## TASK PROMPT
Only the lines from the one containing "How to Install React JS on Windows" through the last line below belong in your copy; transcribe them exactly and omit any pictures.

(Source records)
━━━━━━━━━━
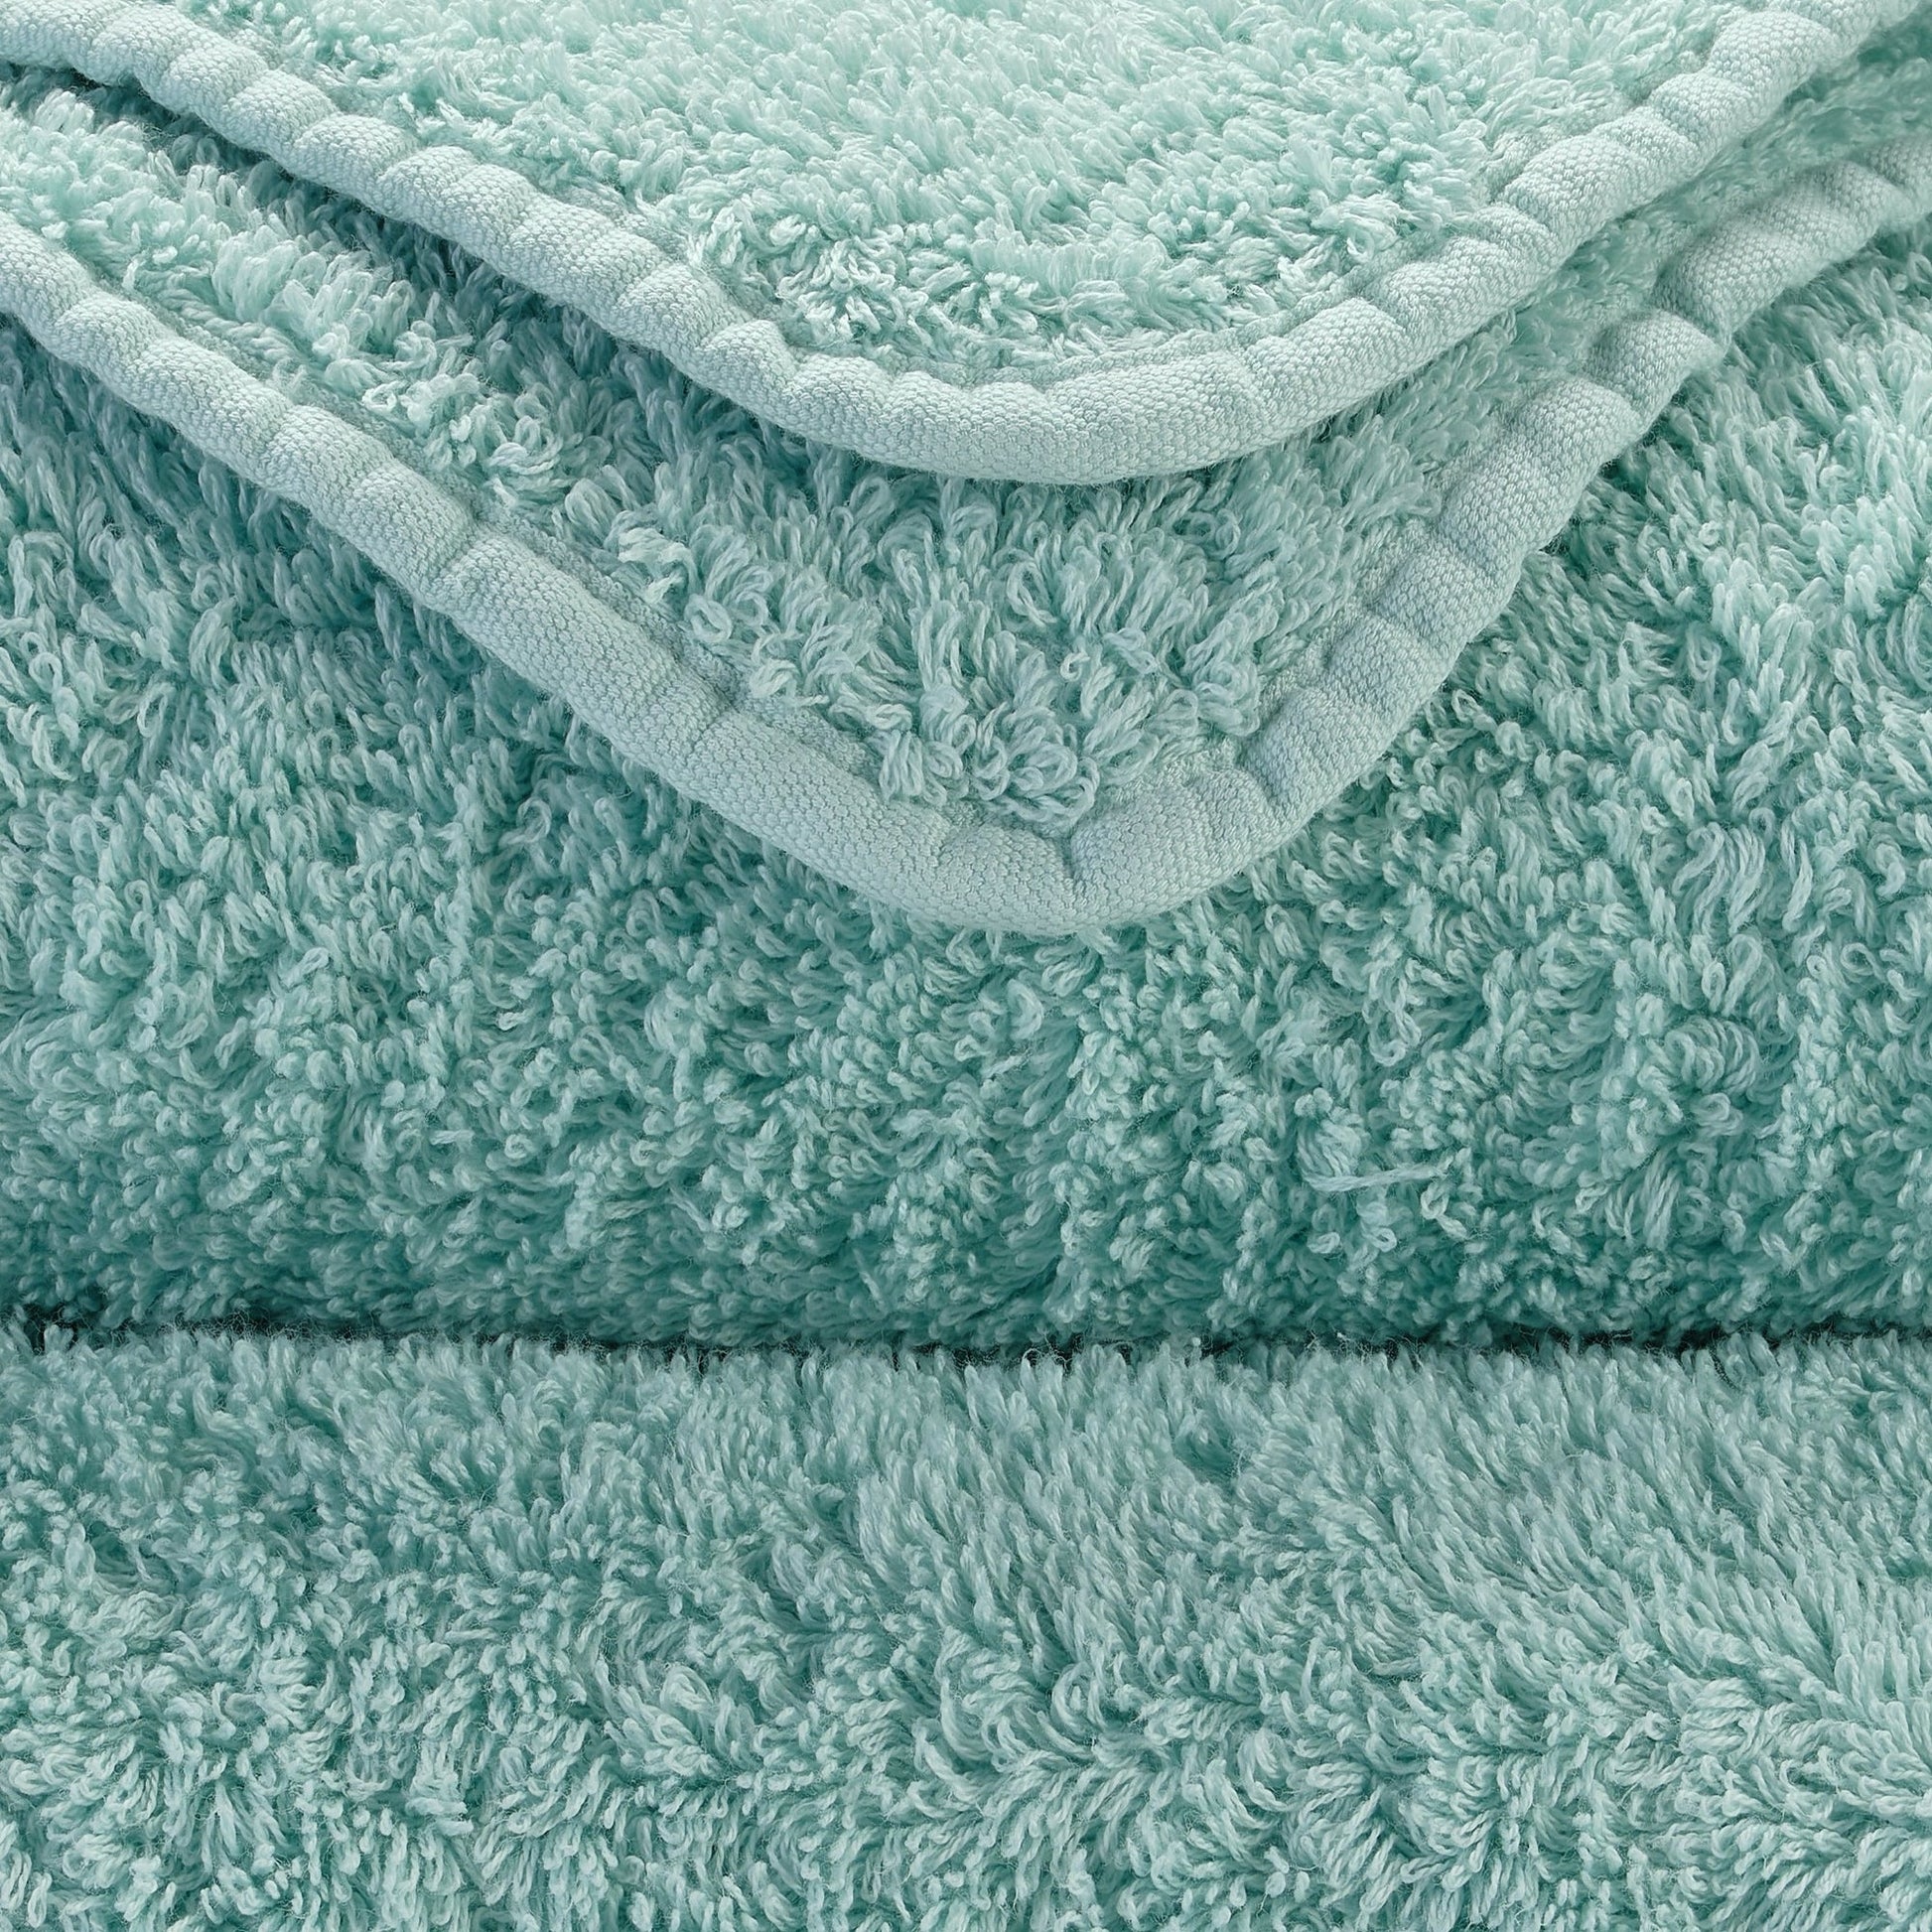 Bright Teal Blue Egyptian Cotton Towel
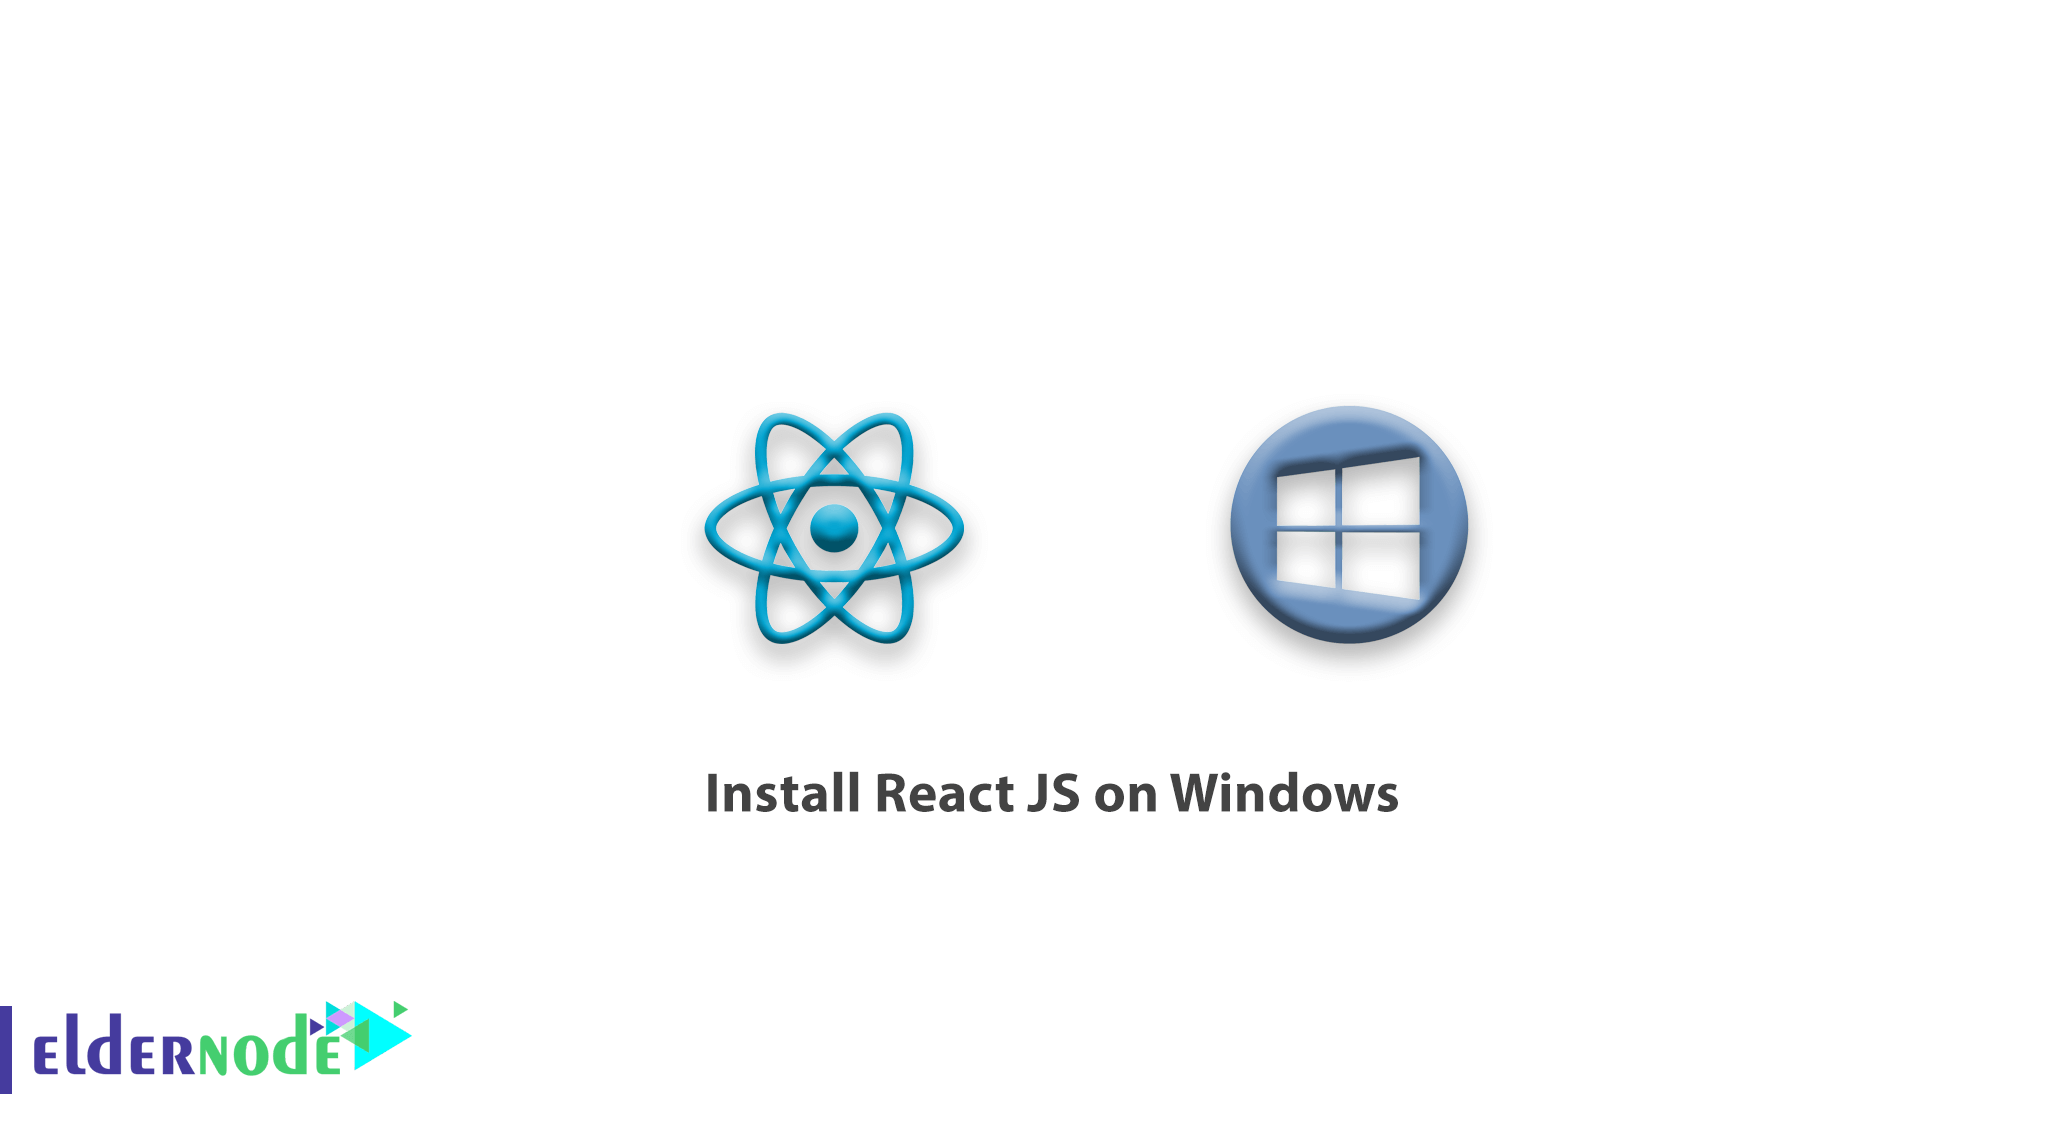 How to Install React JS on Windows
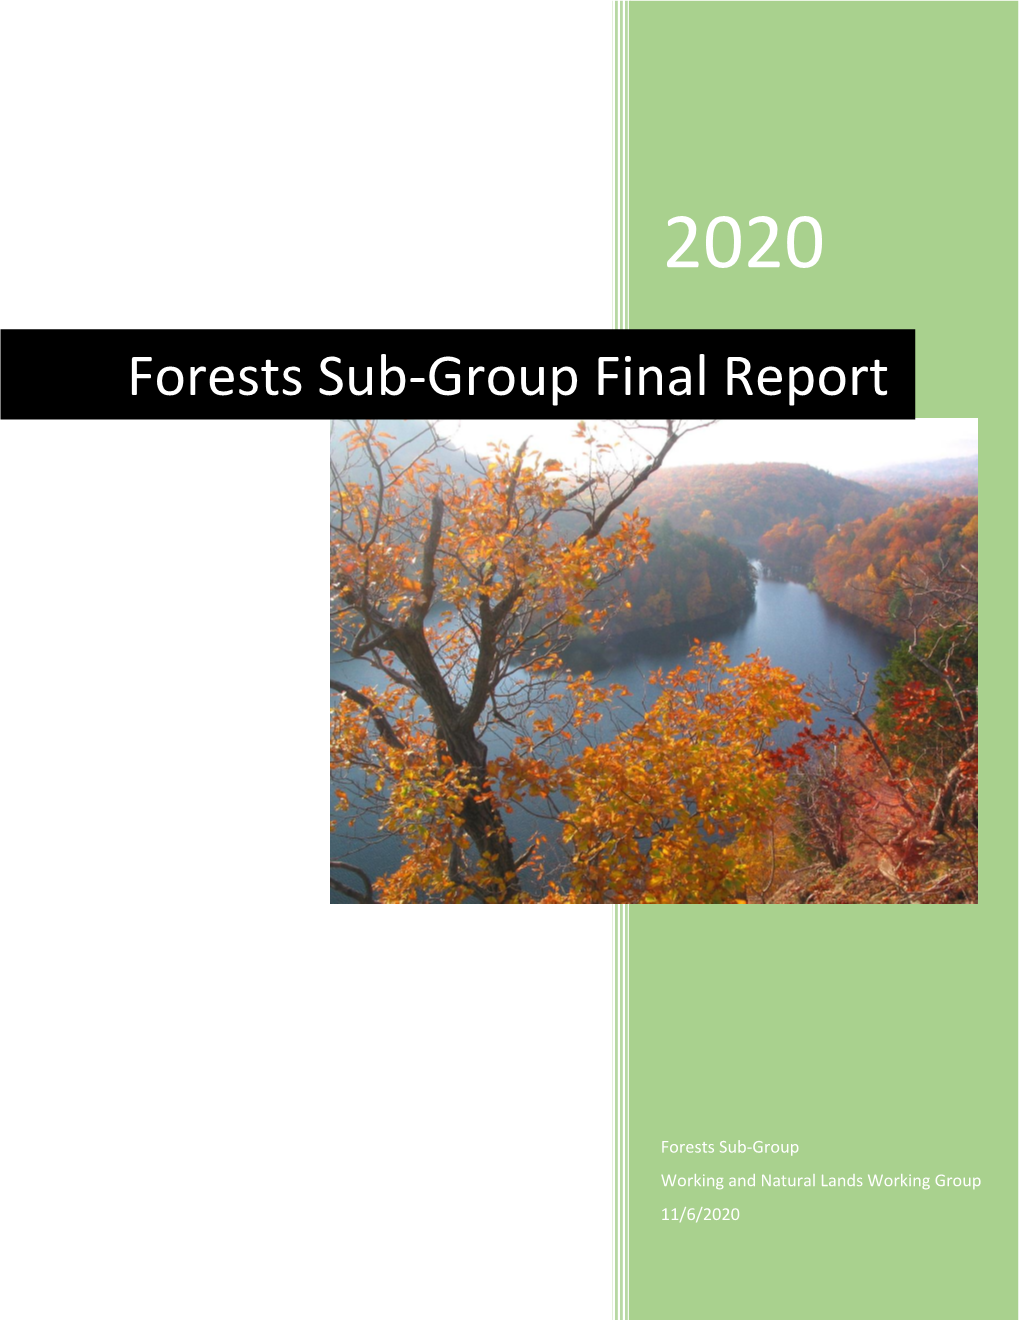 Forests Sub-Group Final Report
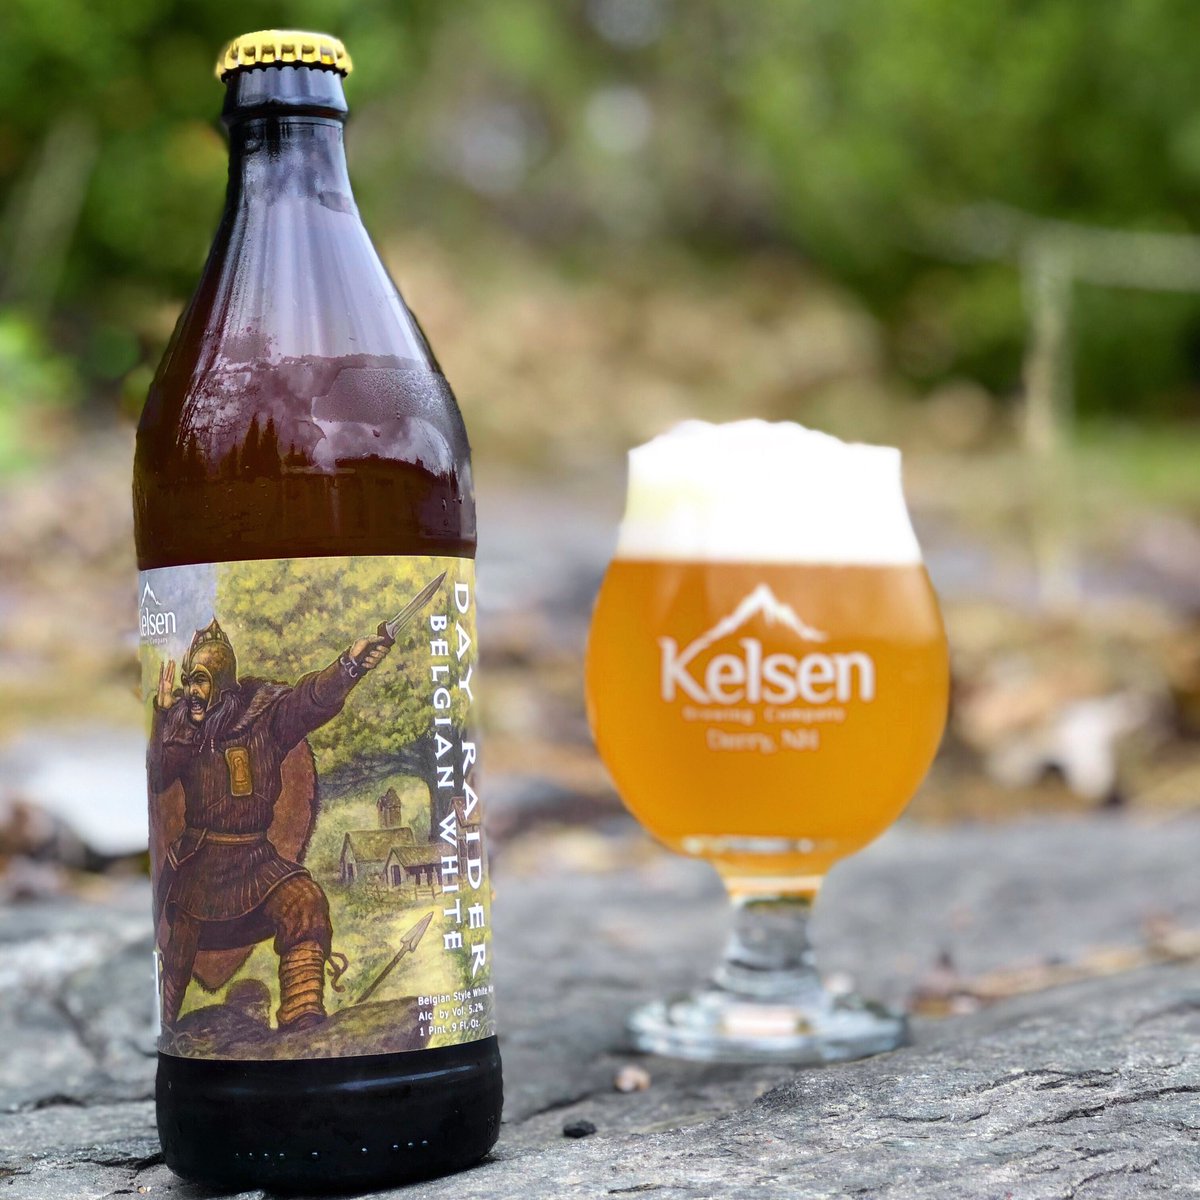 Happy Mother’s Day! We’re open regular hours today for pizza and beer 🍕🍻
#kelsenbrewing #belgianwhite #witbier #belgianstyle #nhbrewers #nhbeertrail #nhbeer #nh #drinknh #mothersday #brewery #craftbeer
━━━━━━━━━━
## ANSWER FOR THE TASK
 How to Install React JS on Windows
 Forests Sub-Group Final Report
 Happy Mother’s Day! We’re open regular hours today for pizza and beer 🍕🍻
#kelsenbrewing #belgianwhite #witbier #belgianstyle #nhbrewers #nhbeertrail #nhbeer #nh #drinknh #mothersday #brewery #craftbeer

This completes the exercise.